The following features can be derived from the EEG data and have been found to have a correlation with people diagnosed with schizophrenia:
-
Fuzzy Entropy
- Definition: Fuzzy entropy is a measure of the degree of irregularity or fuzziness in time series data.
- Significance: Higher fuzzy entropy values indicate increased irregularity in the EEG signal, which may be associated with schizophrenia.
-
MMN (Mismatch Negativity)
- Definition: MMN measures the mismatch between the power in the presence of a baseline auditory stimulus supplied at a frequent rate and the power in the presence of a deviant auditory stimulus, which is infrequent.
- Significance: Deviations in MMN can reveal the brain's sensitivity to unexpected stimuli, a factor often associated with schizophrenia.
-
Wave Power
- Alpha (8 to 13 Hz): Detected in a restful state.
- Beta (12 to 30 Hz): Detected in the performance of cognitive exercises, e.g., arithmetic.
- Gamma (30 to 100+ Hz): Detected when subjected to auditory stimuli.
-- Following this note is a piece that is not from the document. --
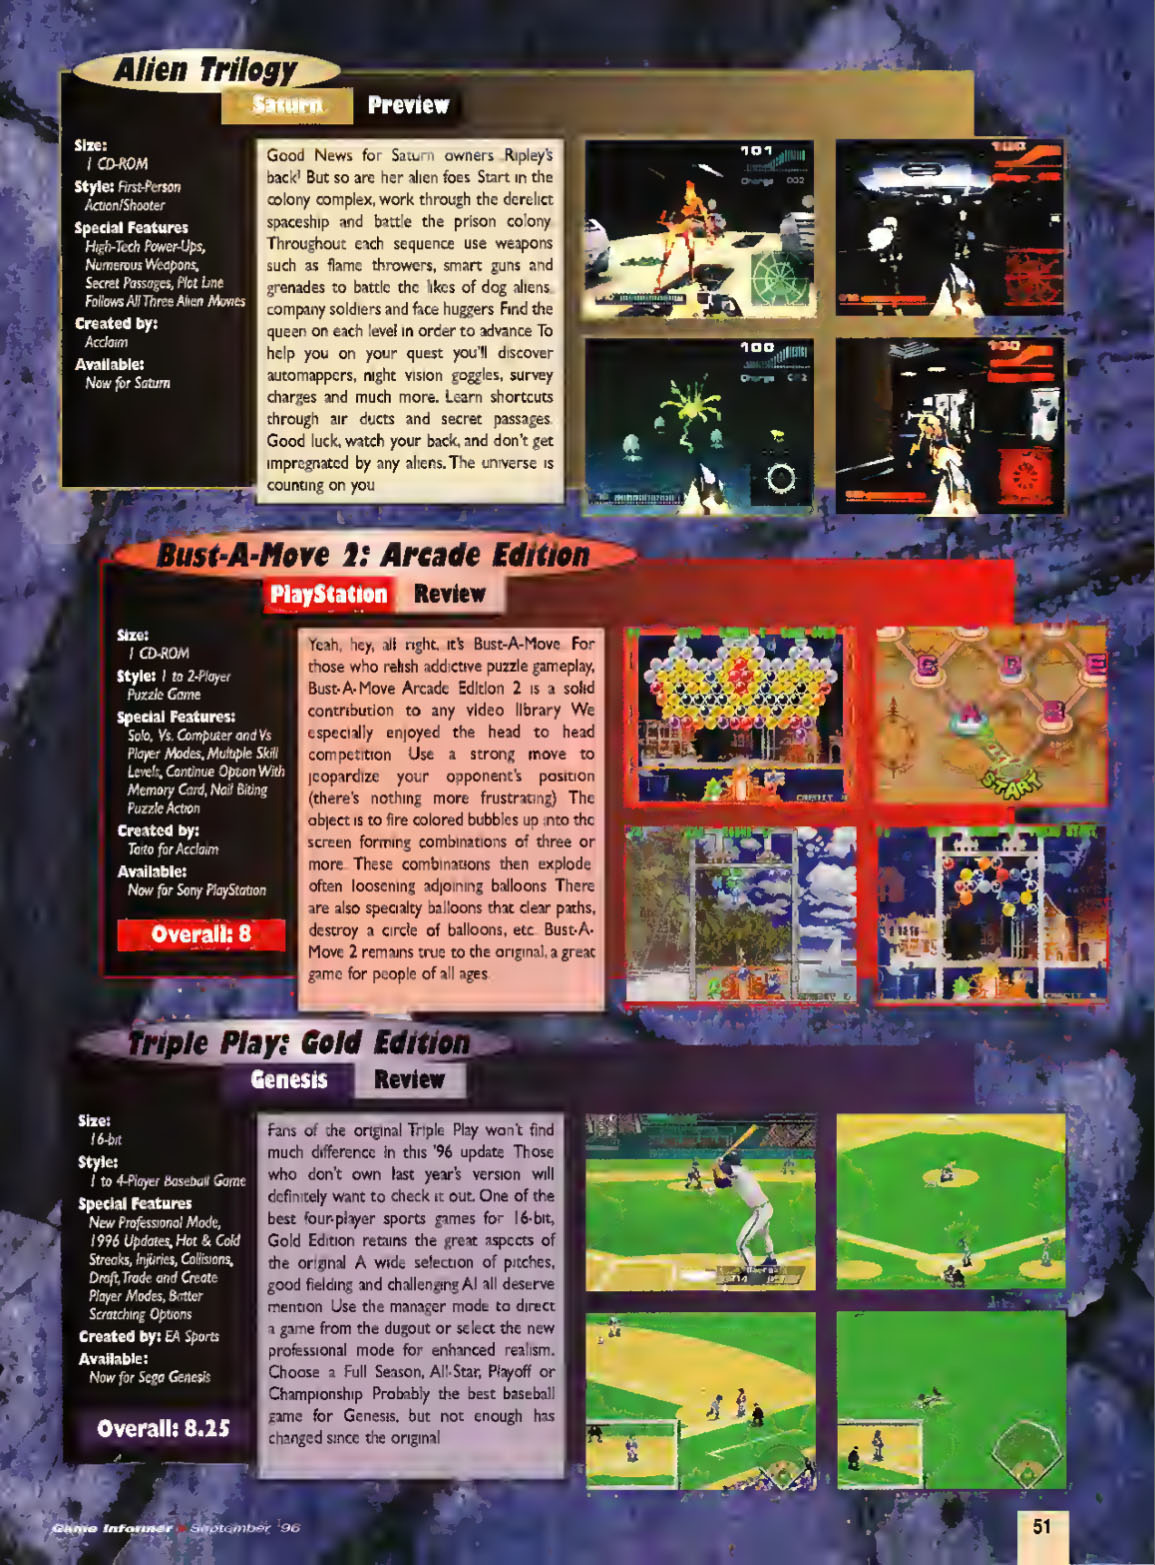 Triple Play: Gold Edition Review, Game Informer September 1996 page 51

- Significance: Aberrations in wave power, especially in specific frequency ranges, can provide insights into cognitive and sensory processing abnormalities linked to schizophrenia.
- For each of the aforementioned features, there is a Jupyter notebook (named using the snake case) that implements the computation of the said feature. They are in the folder
dataset_generators
. - There is a dataset that then combines all features with participants for each participant with a complete set of features used as a record.
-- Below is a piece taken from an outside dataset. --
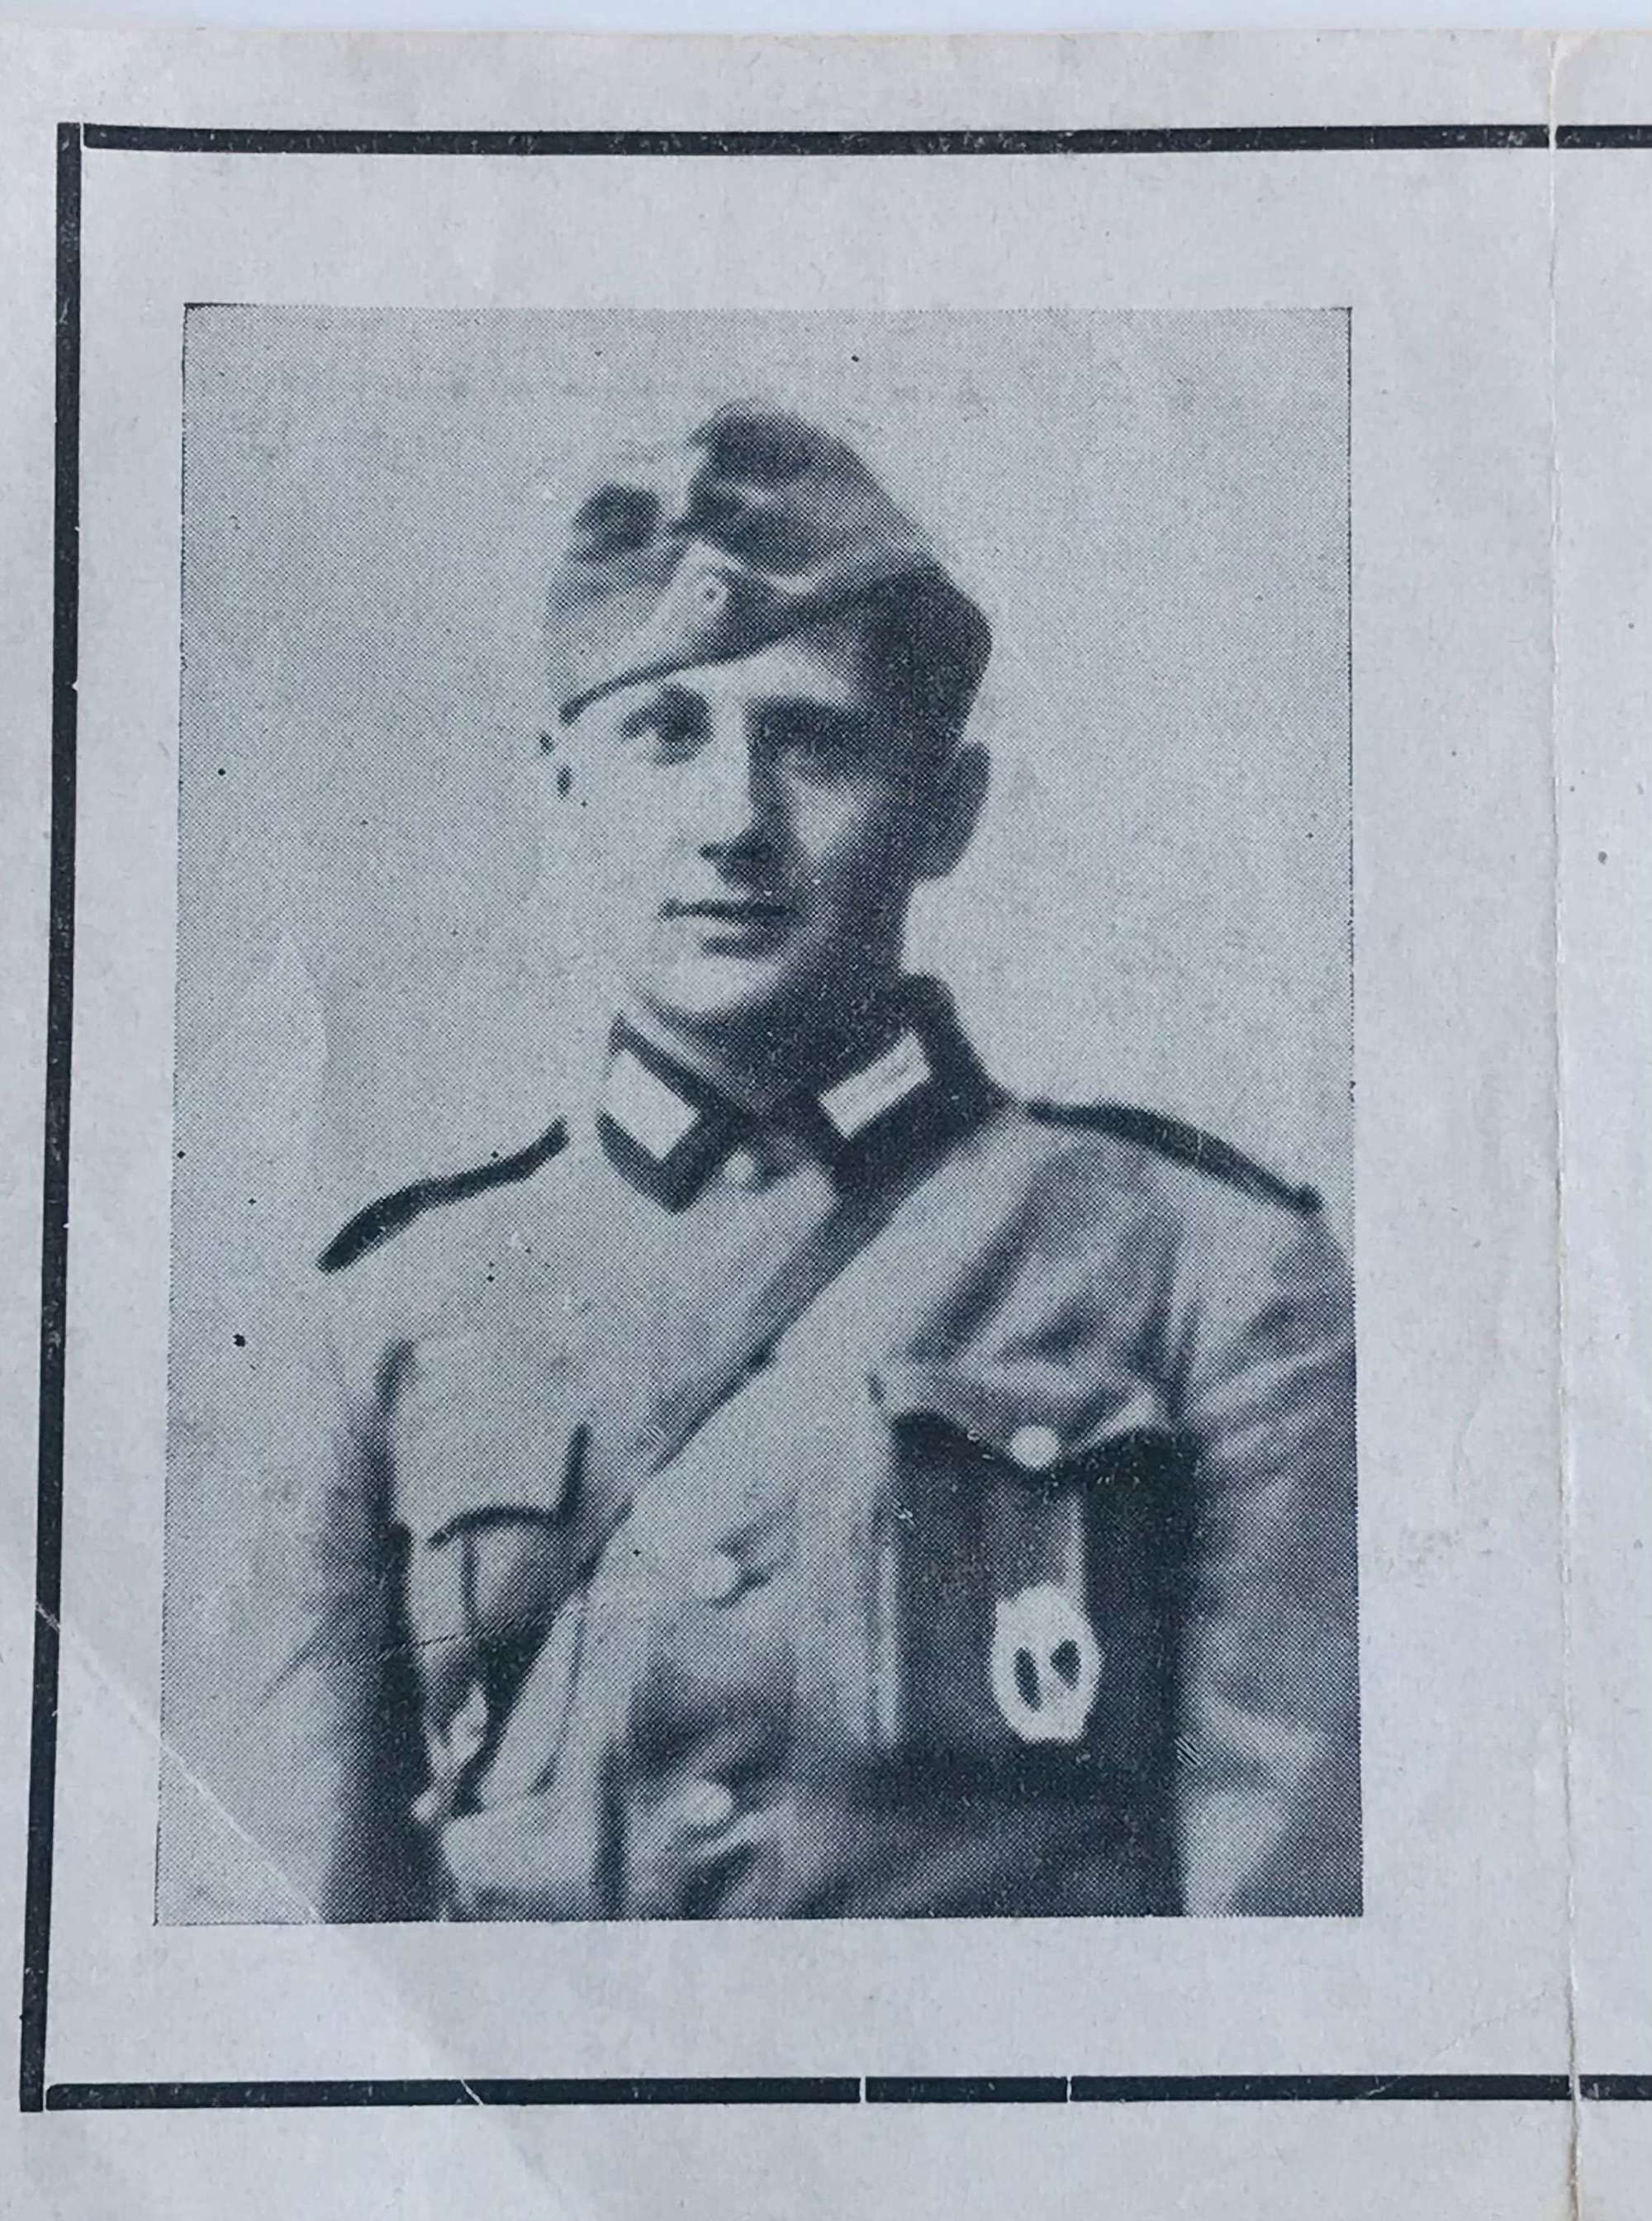 German memorial card killed in action, Normandy, August 44

- For each of the features created in the previous section(Dataset generation) a Jupyter notebook implements a machine learning model prediction pipeline to diagnosing for schizophrenia. This is also repeated for the combined dataset.
The pipeline for the model is implemented as follows (using MLFlow):
- An experiment is created and details about the name of the feature(s) being used predict for schizophrenia and description of are supplied. Check the MLFlow documentation for more info ast to what an experiment is.
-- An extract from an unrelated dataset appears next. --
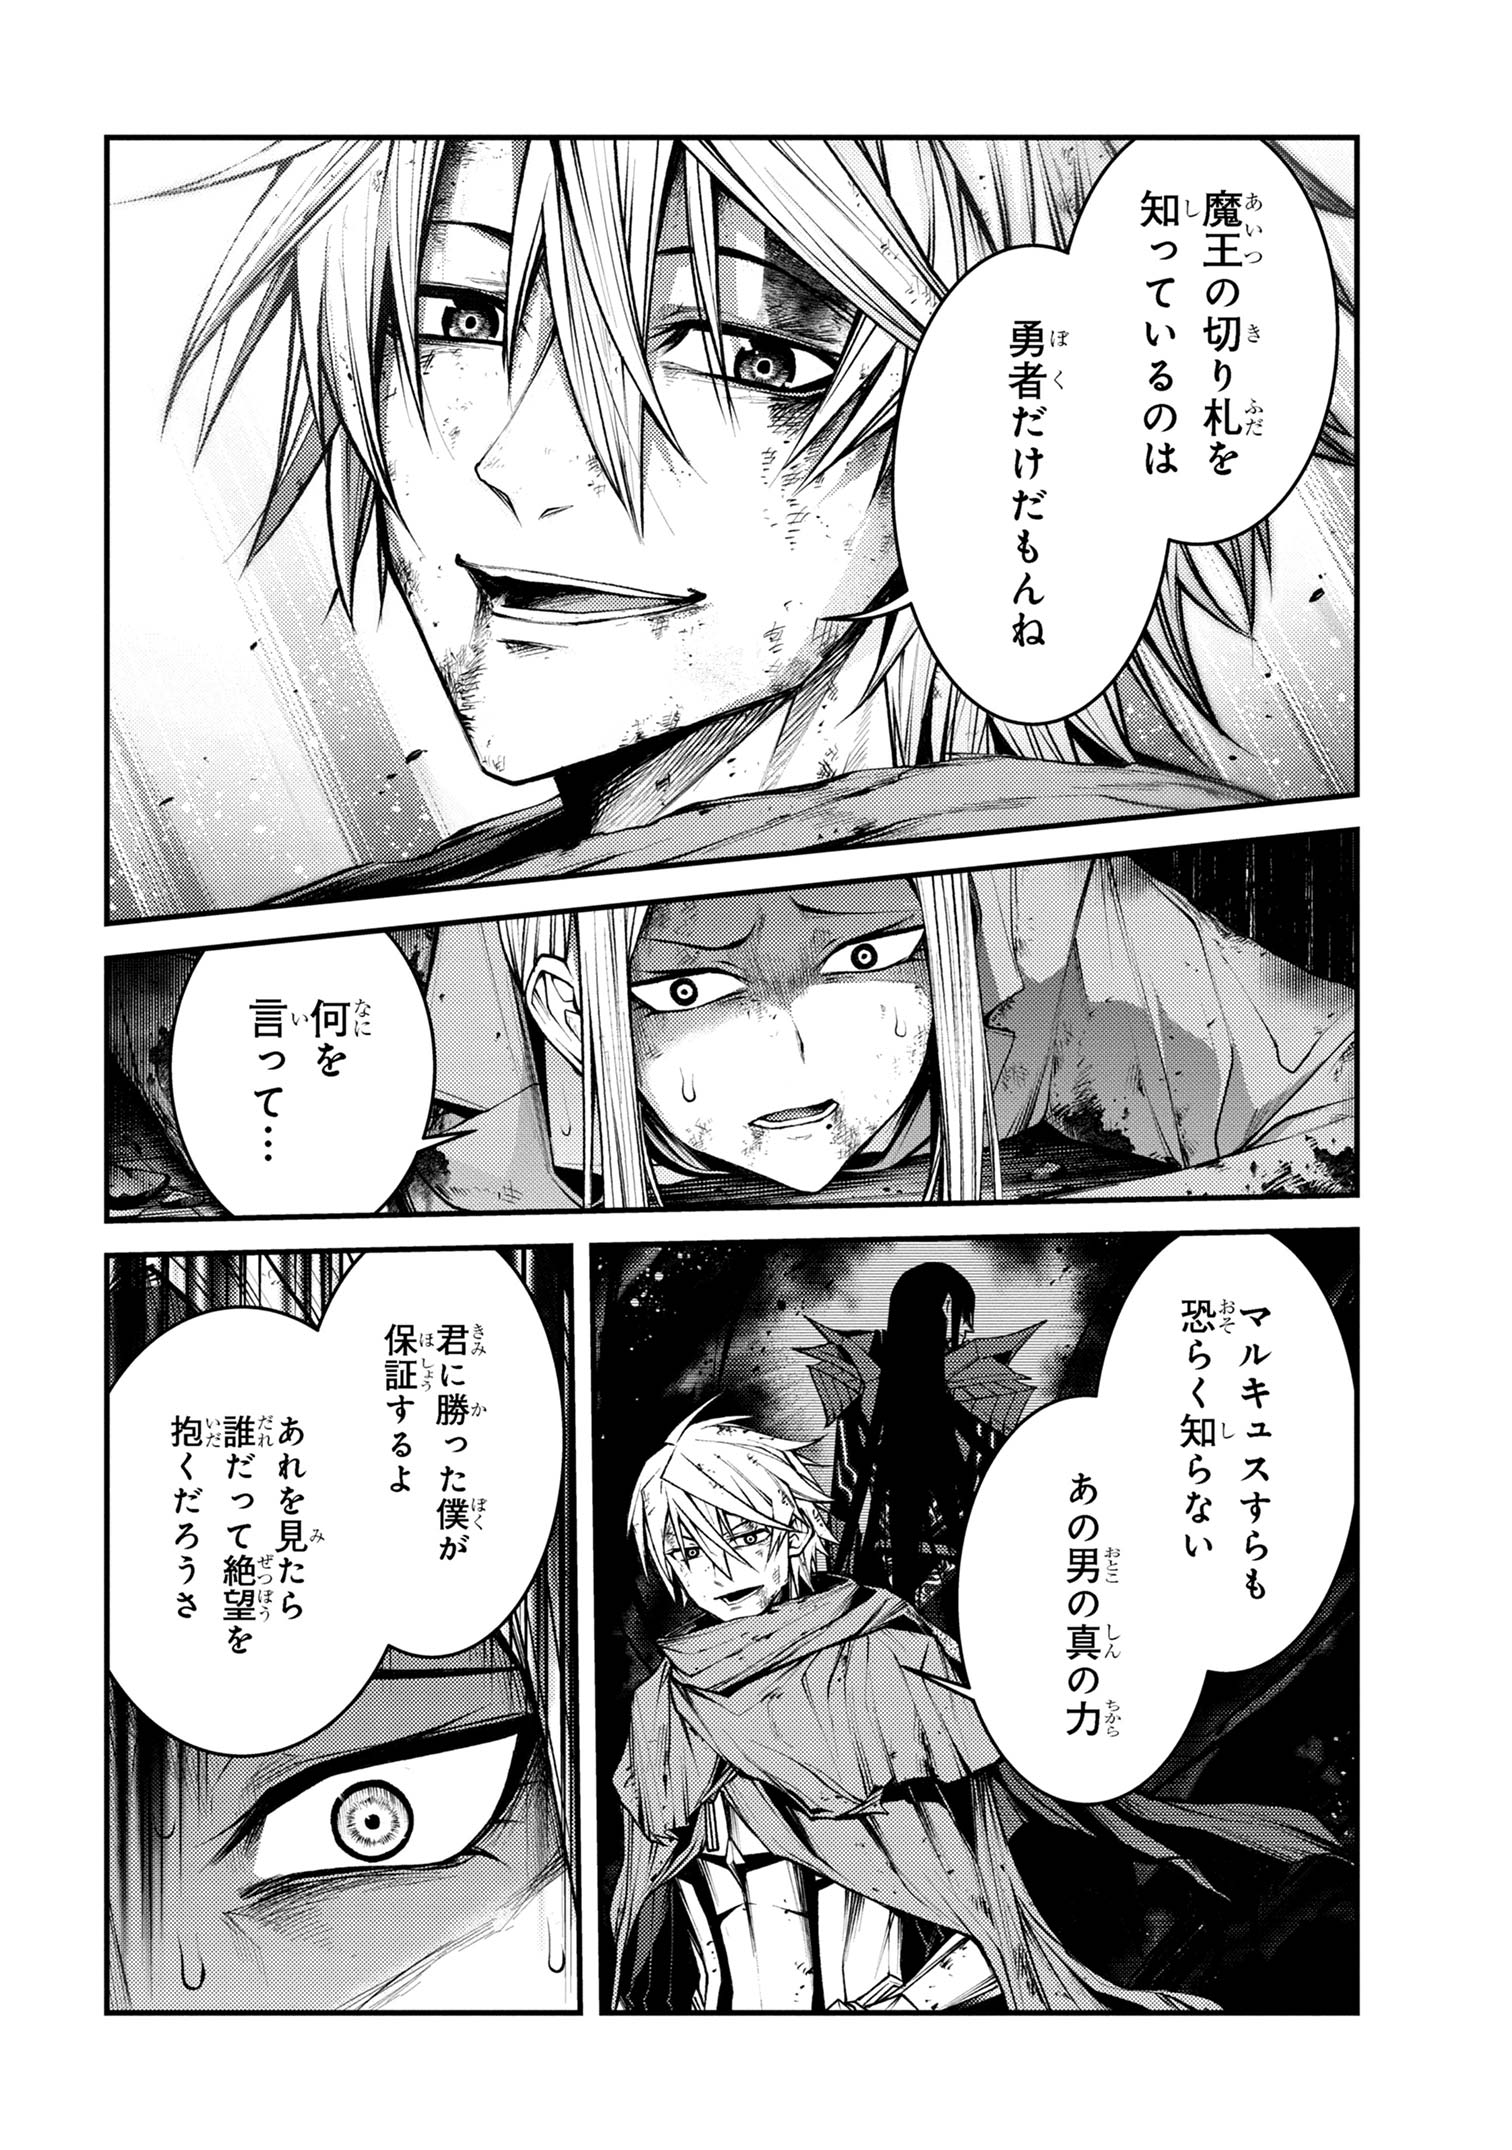 Maou 2099 - Chapter 12.2 - Page 14

- There is a run which is where the actual model logging occurs. Each run has a description which comprises:
- Model Description: Here the model being used is stated.
- Model Rationale: Here the reason behind the choice of model and whatever parameters were selected.
- Dataset Description: Here the dataset information is stated.
- Dataset Rationale: Here an hypothesis is provided as to what result the dataset would yield.
- The model is then run and relevant metrics and recorded.
- The following data is logged: model and dataset parameters, datasets, metrics.
- The results are then interpreted and logged in a conclusion.
Information about model implementations can be accessed models
folder.
- Simply run the command below (preferably in a virtual environment):
pip install -r requirements.txt
- Each notebook contains detailed explanations for each of steps taken for each feature programatically and mathematically.
- A comprehensive report is in the works.
- References would be included in the said report.